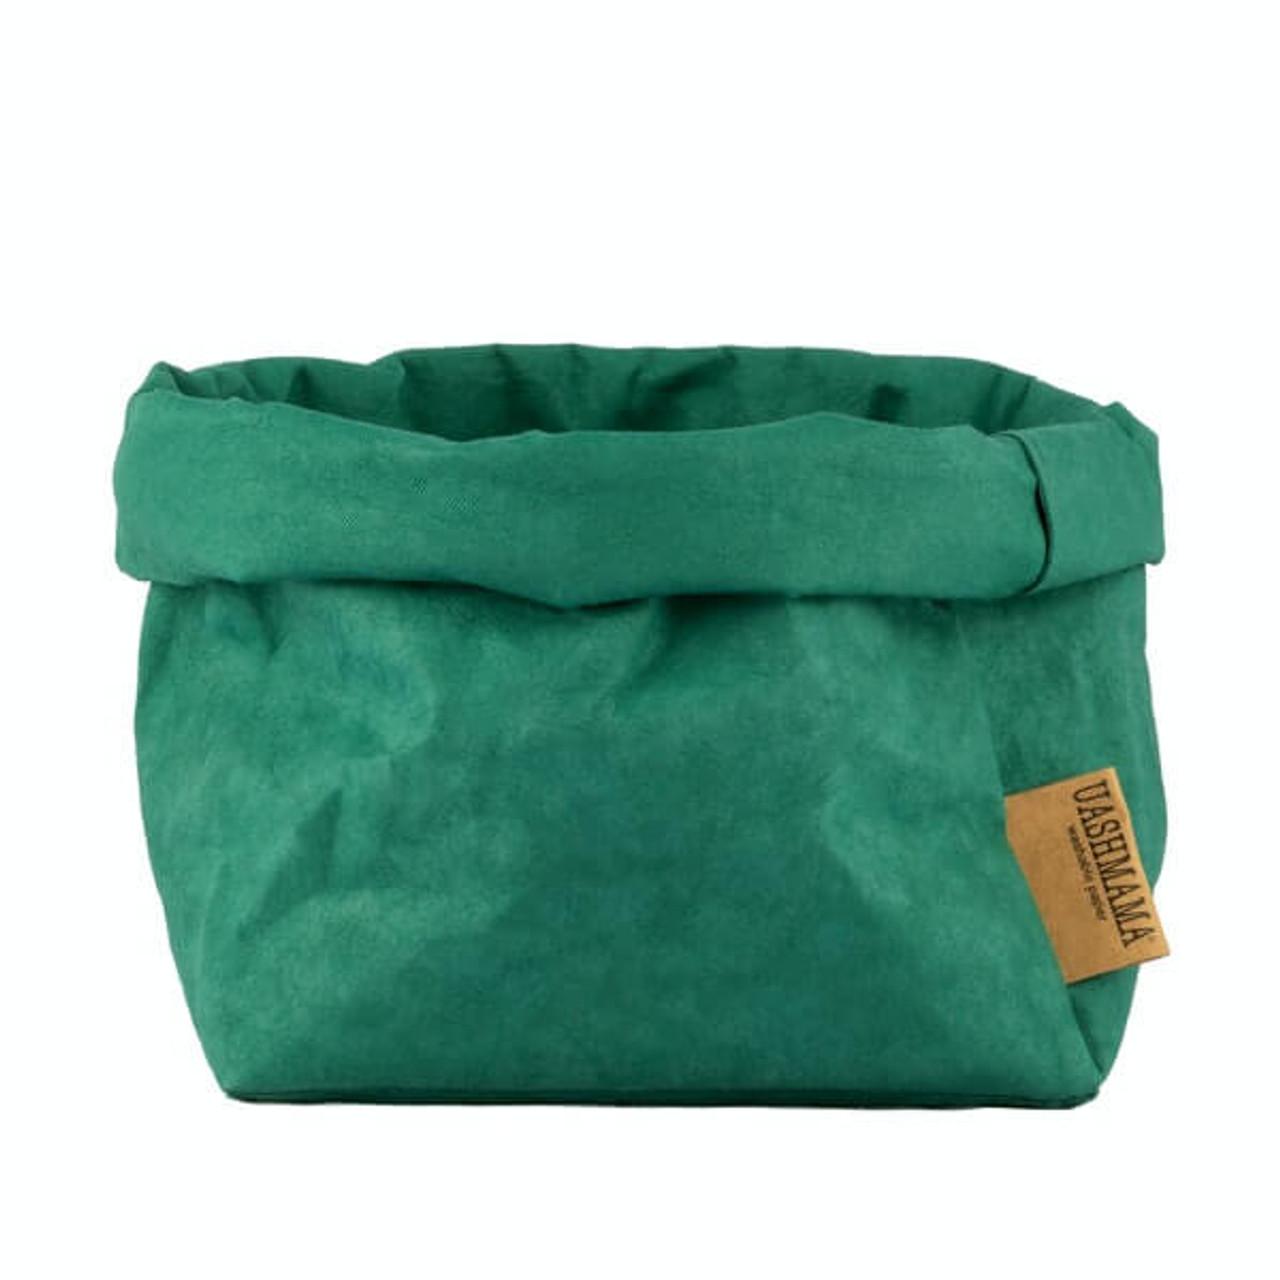 UASHMAMA large organic paper bags smeraldo
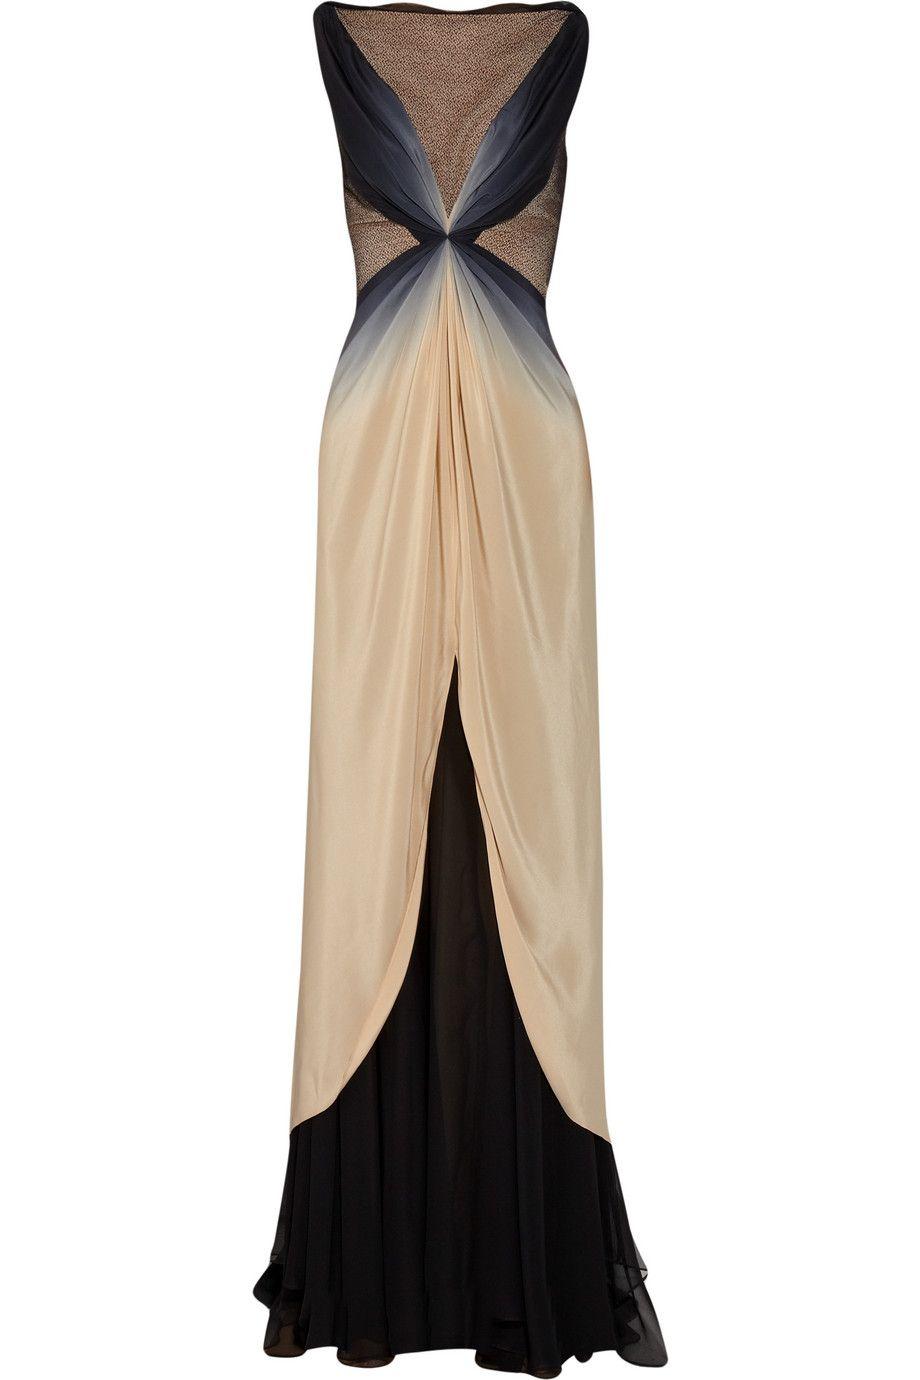 Zac Posen ombre silk gown. Sigh.
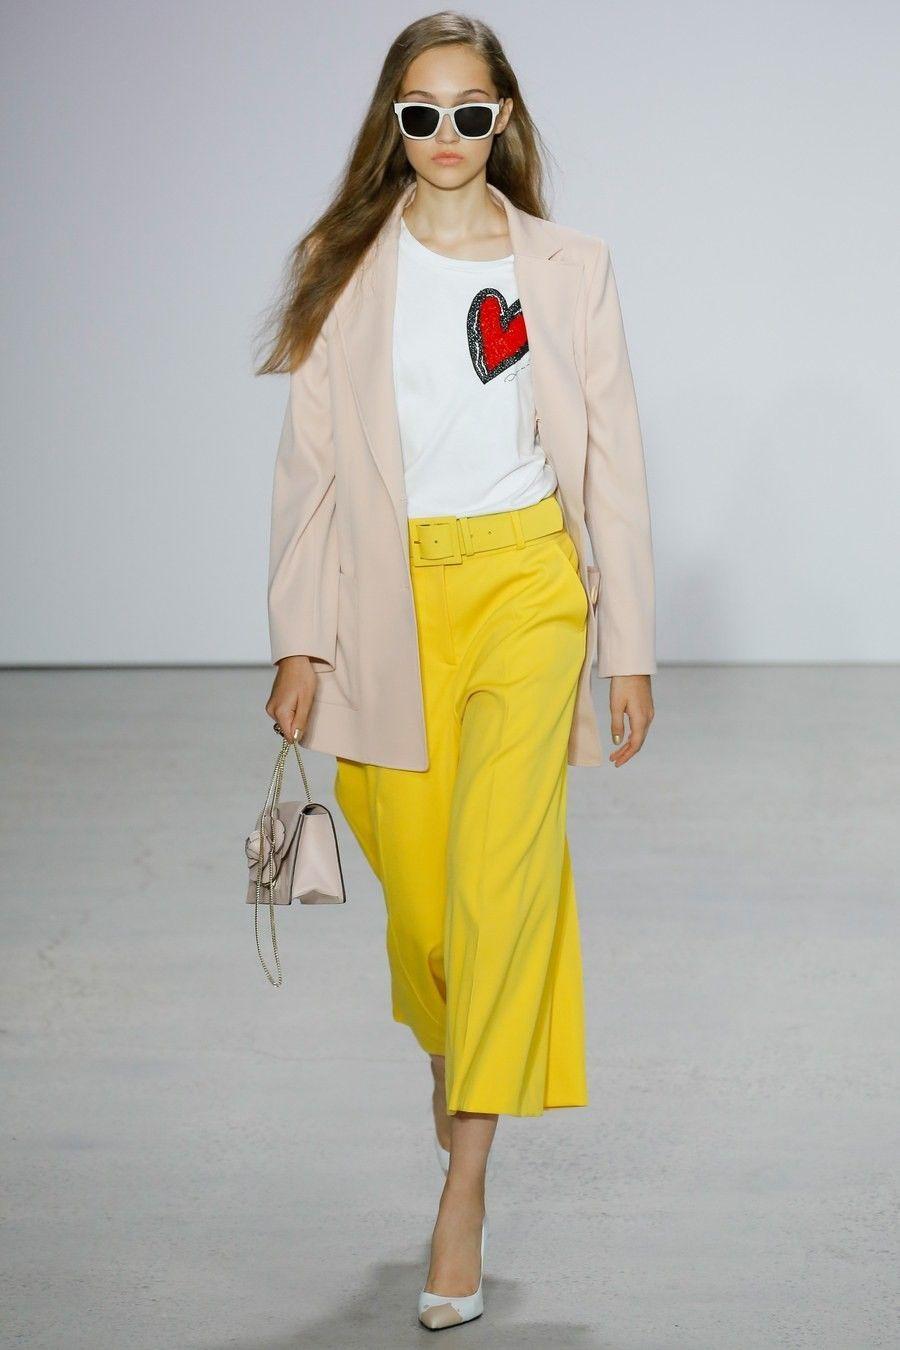 Oscar de la Renta Spring 2018 Ready-to-Wear Fashion Show - Mariacarla Boscono
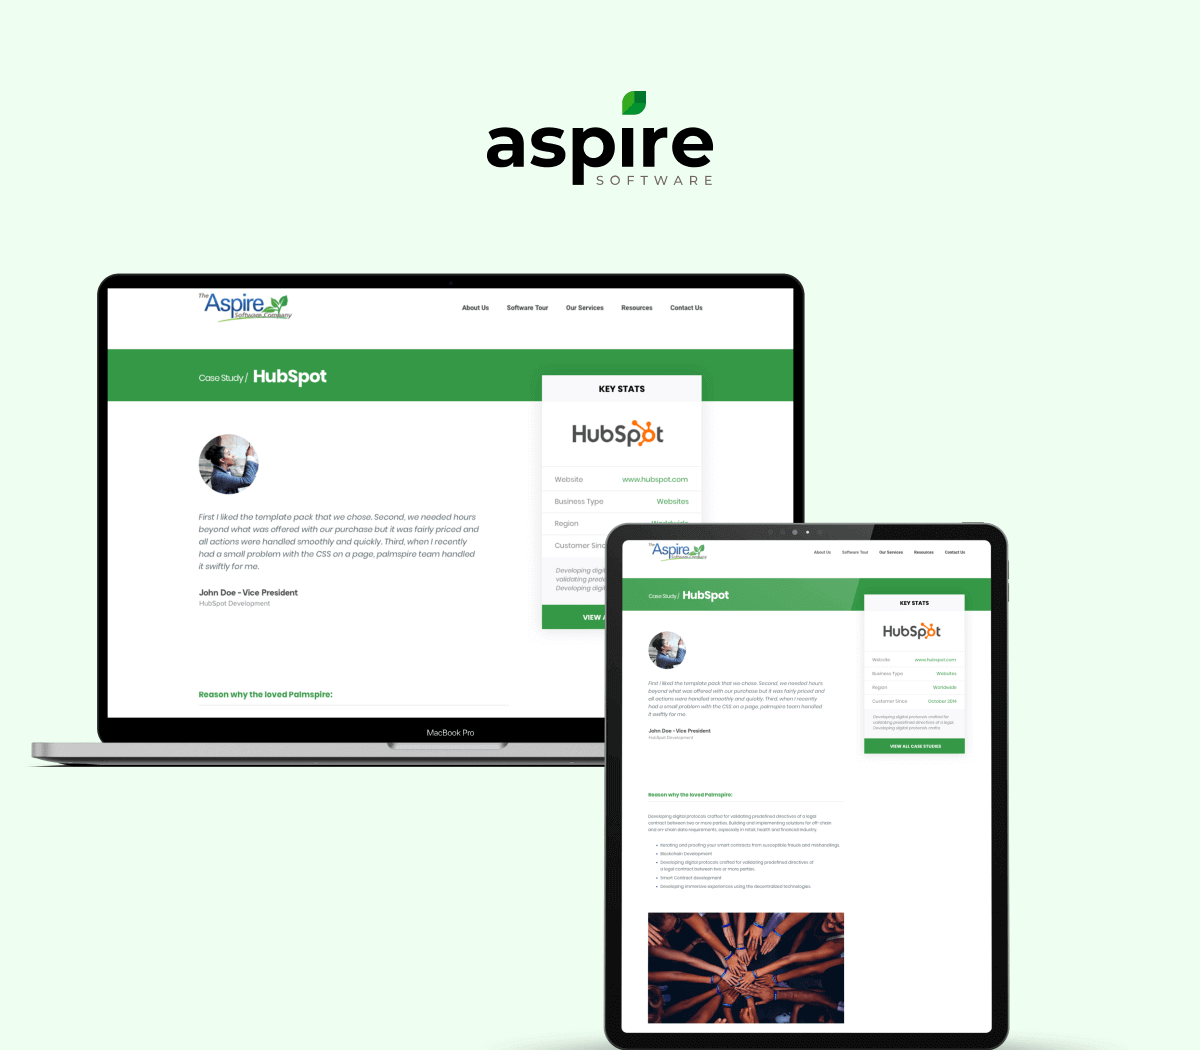 The Aspire
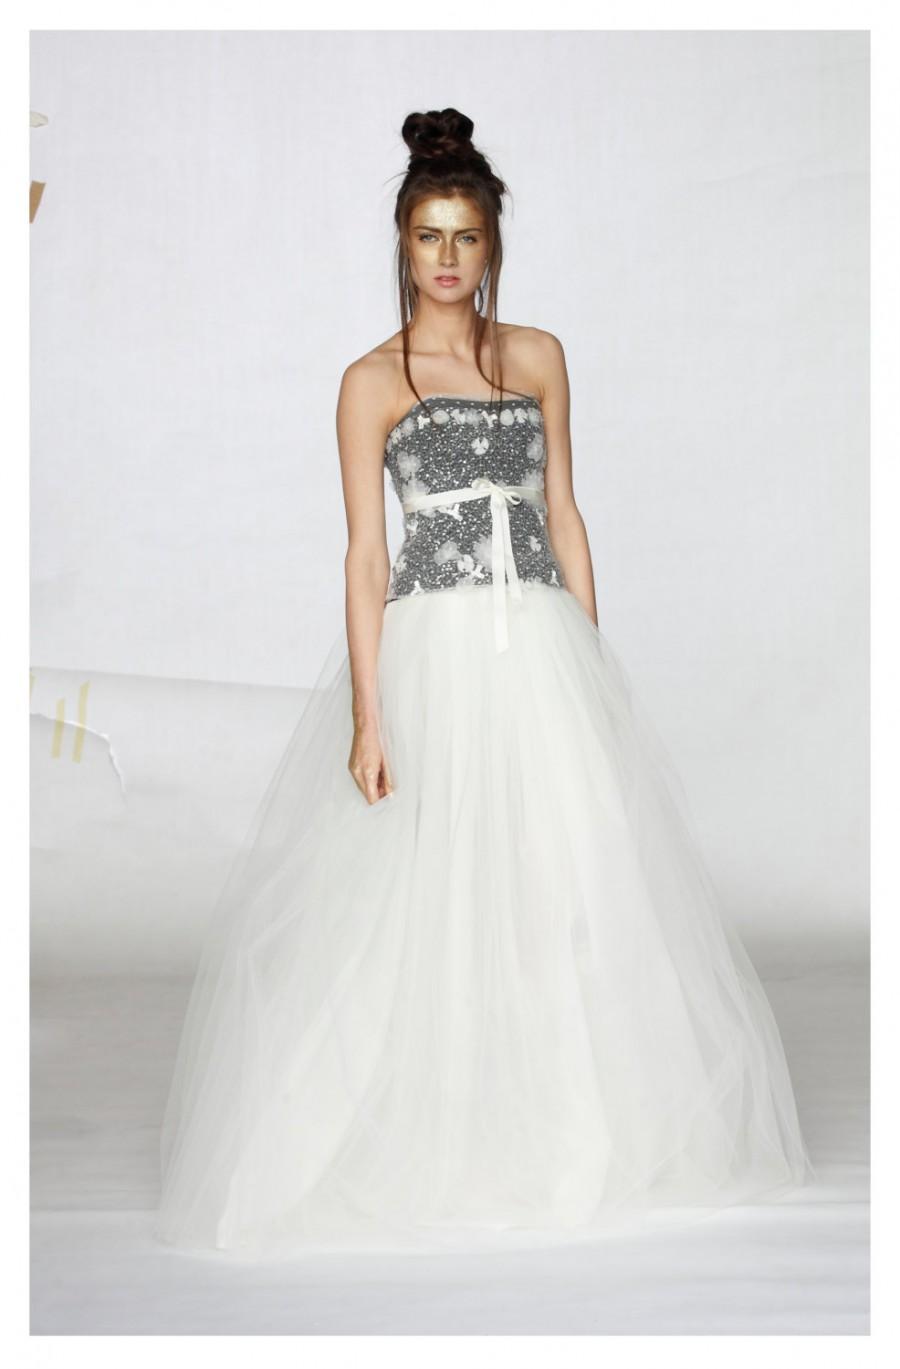 Wedding - Wedding Skirt, Bridal Separates, Tulle Skirt, Bridal Skirt, Wedding Tulle Skirt, Long Skirt, Womens Wedding Clothing, Wedding Maxi Skirt

============================================================

Brief:
A word-for-word copy of the entries above is what is needed, without any images.

Result of this exercise:
 UASHMAMA large organic paper bags smeraldo
 Zac Posen ombre silk gown. Sigh.
 Oscar de la Renta Spring 2018 Ready-to-Wear Fashion Show - Mariacarla Boscono
 The Aspire
 Wedding - Wedding Skirt, Bridal Separates, Tulle Skirt, Bridal Skirt, Wedding Tulle Skirt, Long Skirt, Womens Wedding Clothing, Wedding Maxi Skirt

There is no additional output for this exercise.